Site-directed mutagenesis of Pcal_0546 and SSO1391
The crystal structure of Pcal_0546 provides insights into the active site and molecular mechanisms of nuclease activity of Cas4 nucleases. Site-directed mutagenesis was used to identify the residues of Pcal_0546 and SSO1391 required for substrate unwinding and cleavage (Figure 5).

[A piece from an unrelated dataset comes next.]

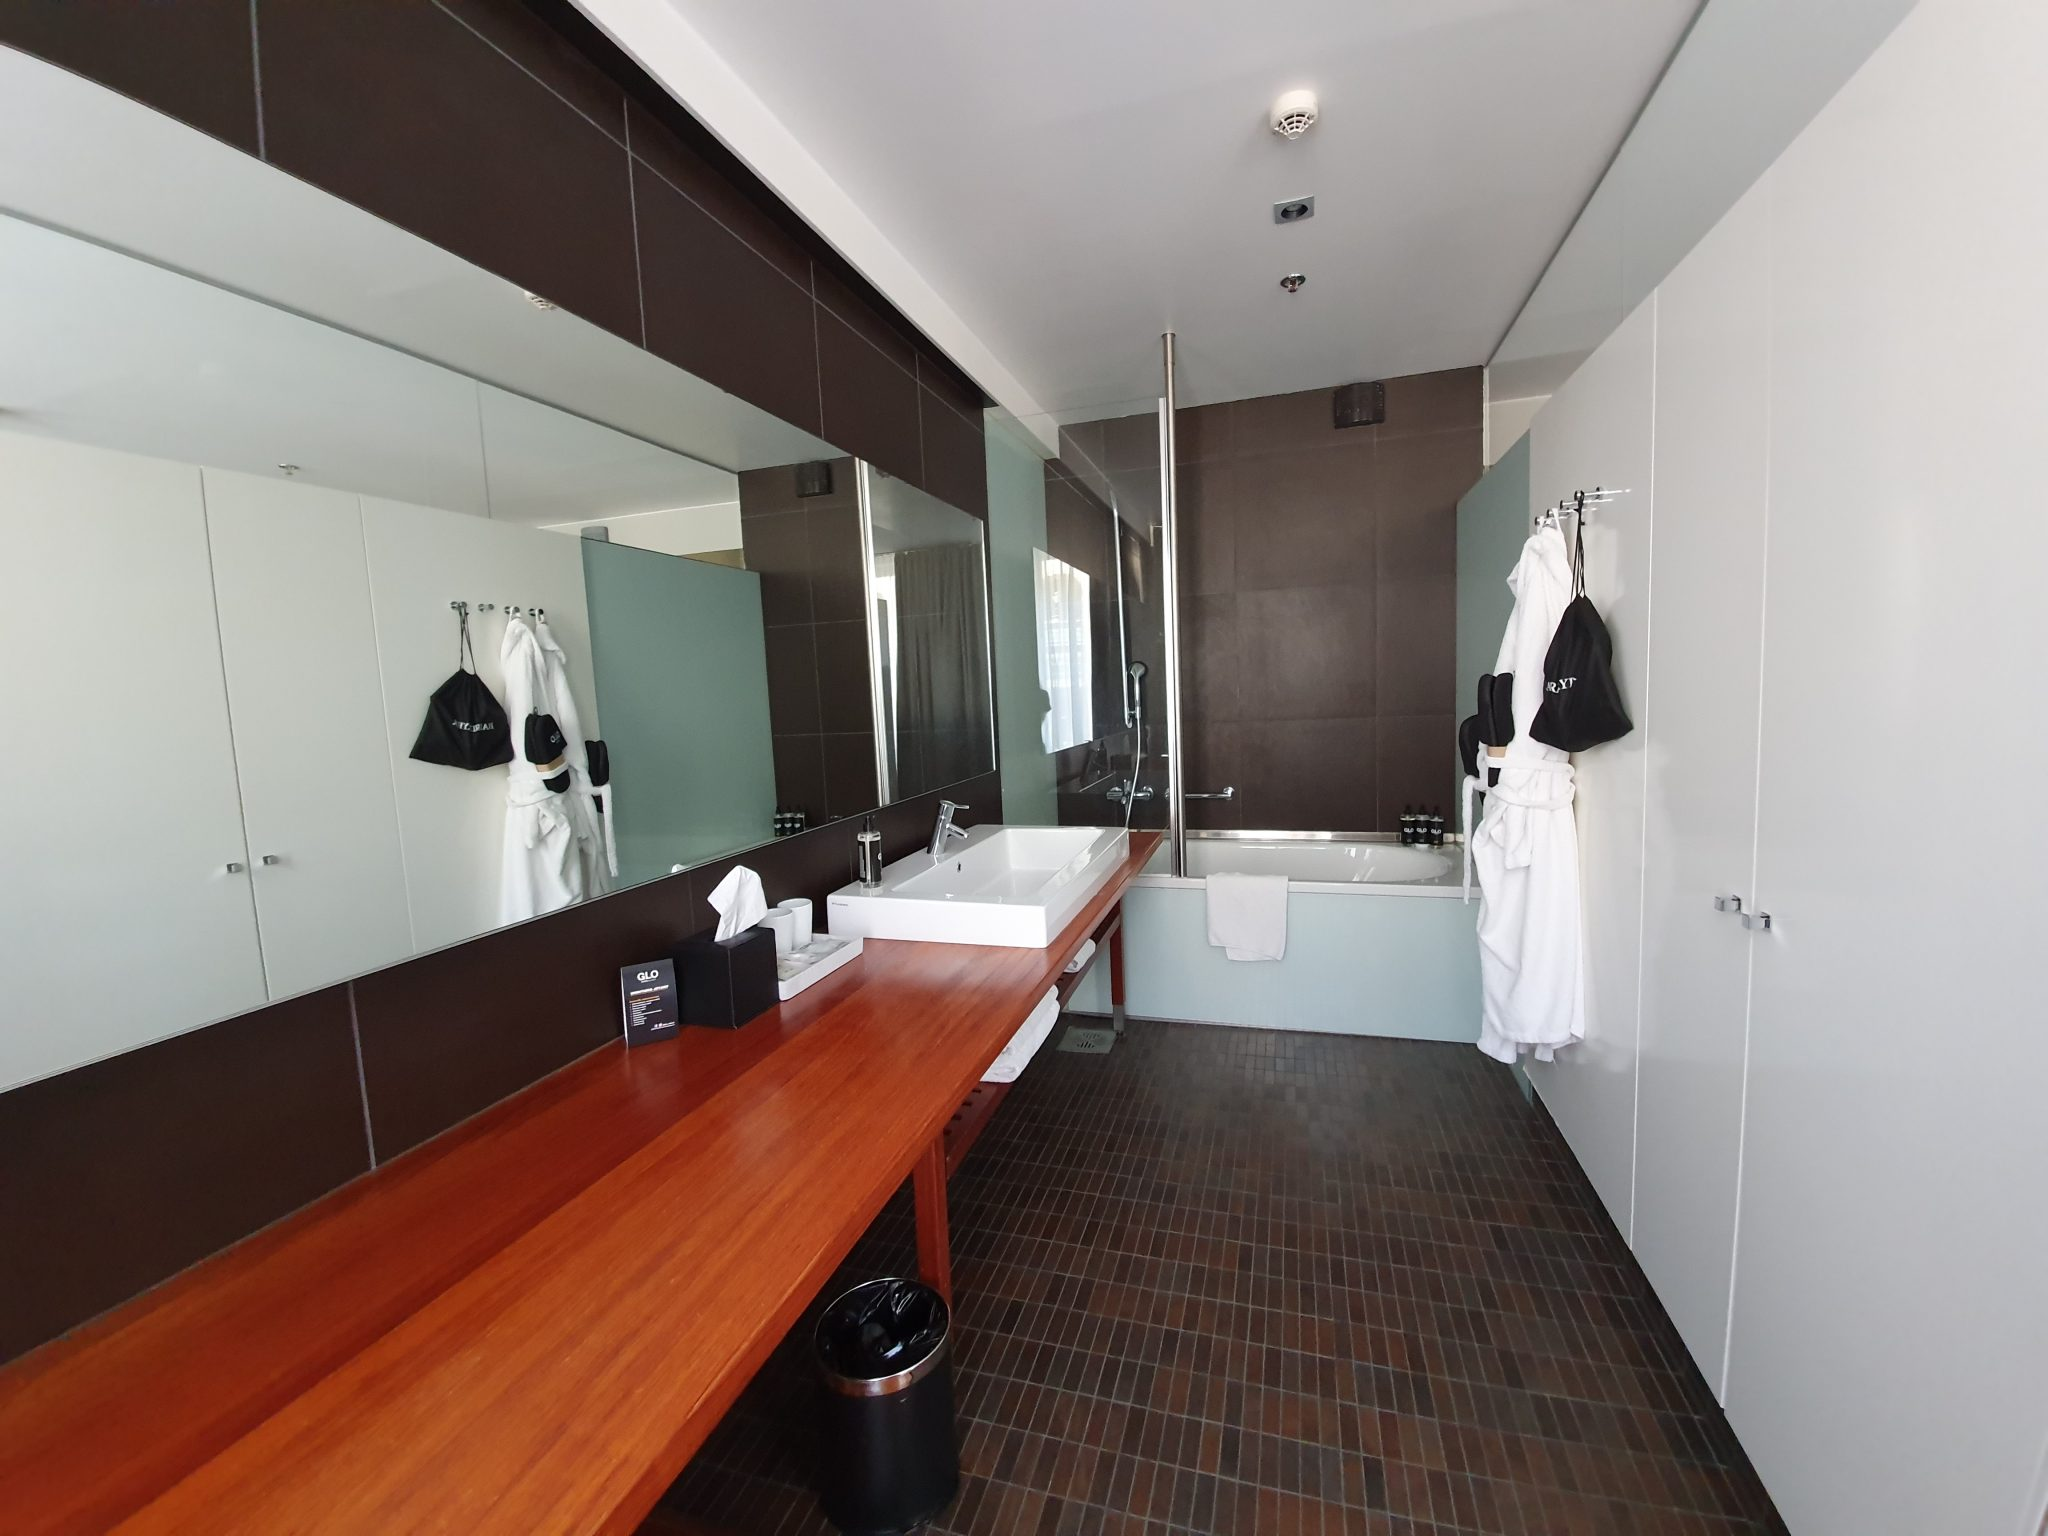 GLO kylpyhuone
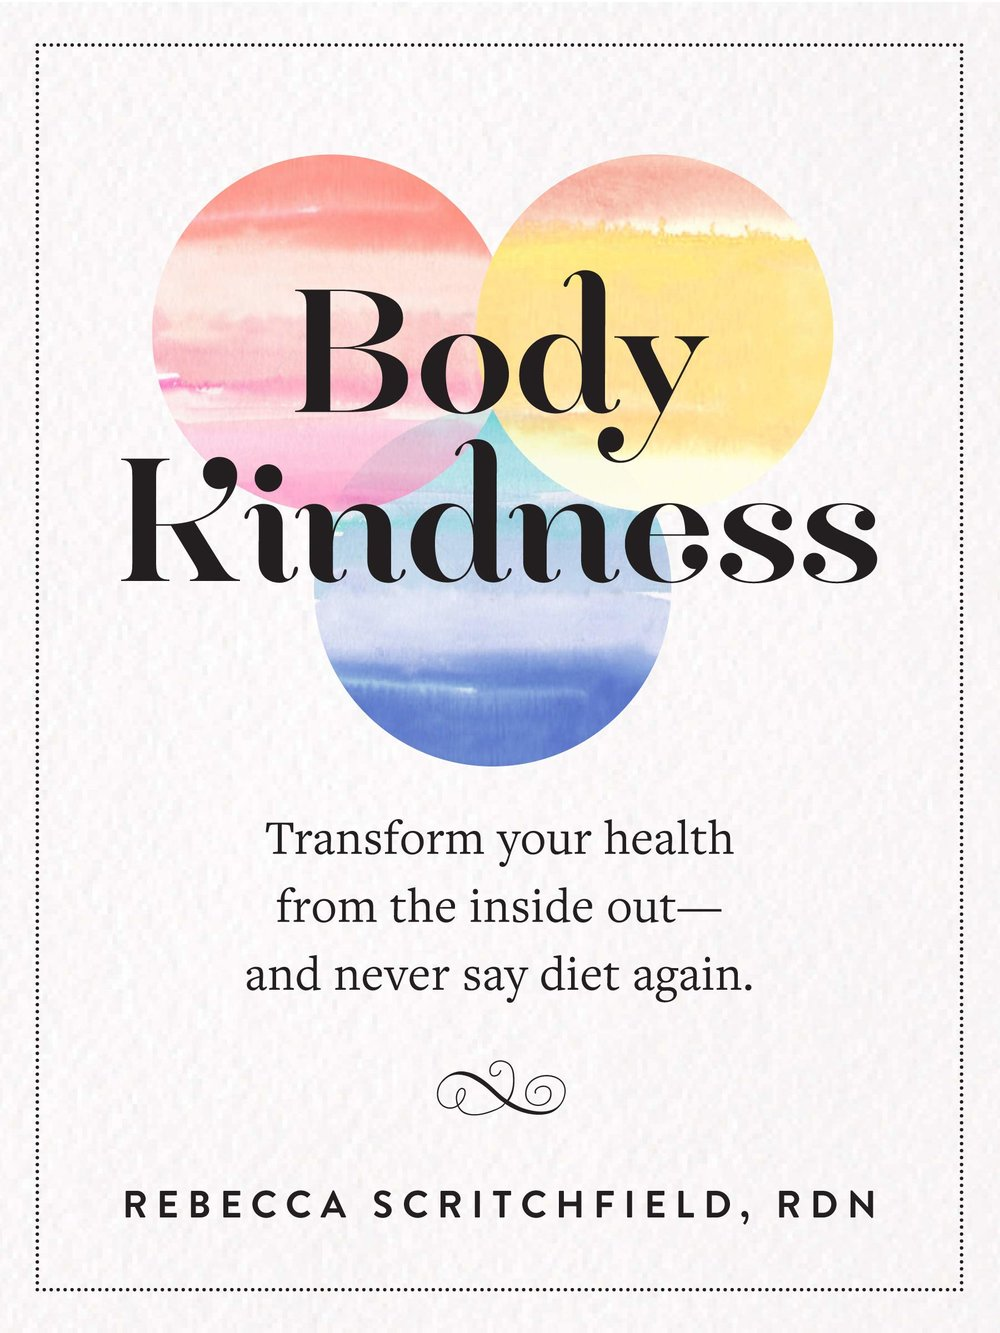 body kindness.jpg

Sequence alignments of Pcal_0546 and SSO1391 with other proteins from the DUF83 and DUF911 families revealed over 35 conserved residues including the RecB motif residues and the Fe-S cluster coordinating cysteines (Supplementary Figure S1). As expected, alanine replacement mutagenesis of the residues of the RecB motifs II, III and QhXXY, in both Pcal_0546 (Asp123, Glu136, Gln149 and Tyr153) and SSO1391 (Asp184, Glu195, Lys197 and Tyr212), produced almost inactive proteins in both exonuclease and endonuclease reactions (Figure 5). In the reaction of unwinding/cleavage of SA substrates, the SSO1391 RecB motif mutants were also inactive, whereas the RecB mutant proteins of Pcal_0546 showed detectable activity (due to the higher protein load required for this assay) (Figure 5E, F).
Figure 5.
Site-directed mutagenesis of Pcal_0546 and SSO1391. (A, B) Cleavage of ssDNA by the purified wild type (wt) or mutant Pcal_0546 (A) or SSO1391 (B). Reactions contained 246 nM Pcal_0546 or 742 nM SSO1391 (15 min incubation, denaturing gel electrophoresis). (C, D) Cleavage of the circular ssDNA of M13mp18 by Pcal_0546 (C) or SSO1391 (D). Reactions contained 2.2 μM Pcal_0546 wt or mutant proteins (1.1 μM for Cys mutants) or 1.4 μM SSO1391 and were incubated for 10 min at 45°C (C) or for 20 min at 40°C (D) (agarose gel electrophoresis). (E, F) Cleavage of splayed arm substrates by Pcal_0546 (E) or SSO1391 (F). Reactions contained 1.9 μM Pcal_0546 or SSO1391 and were incubated for 45 min (E) or 30 min (F) at 45°C (denaturing gel electrophoresis). In all gels lane C shows incubation without protein.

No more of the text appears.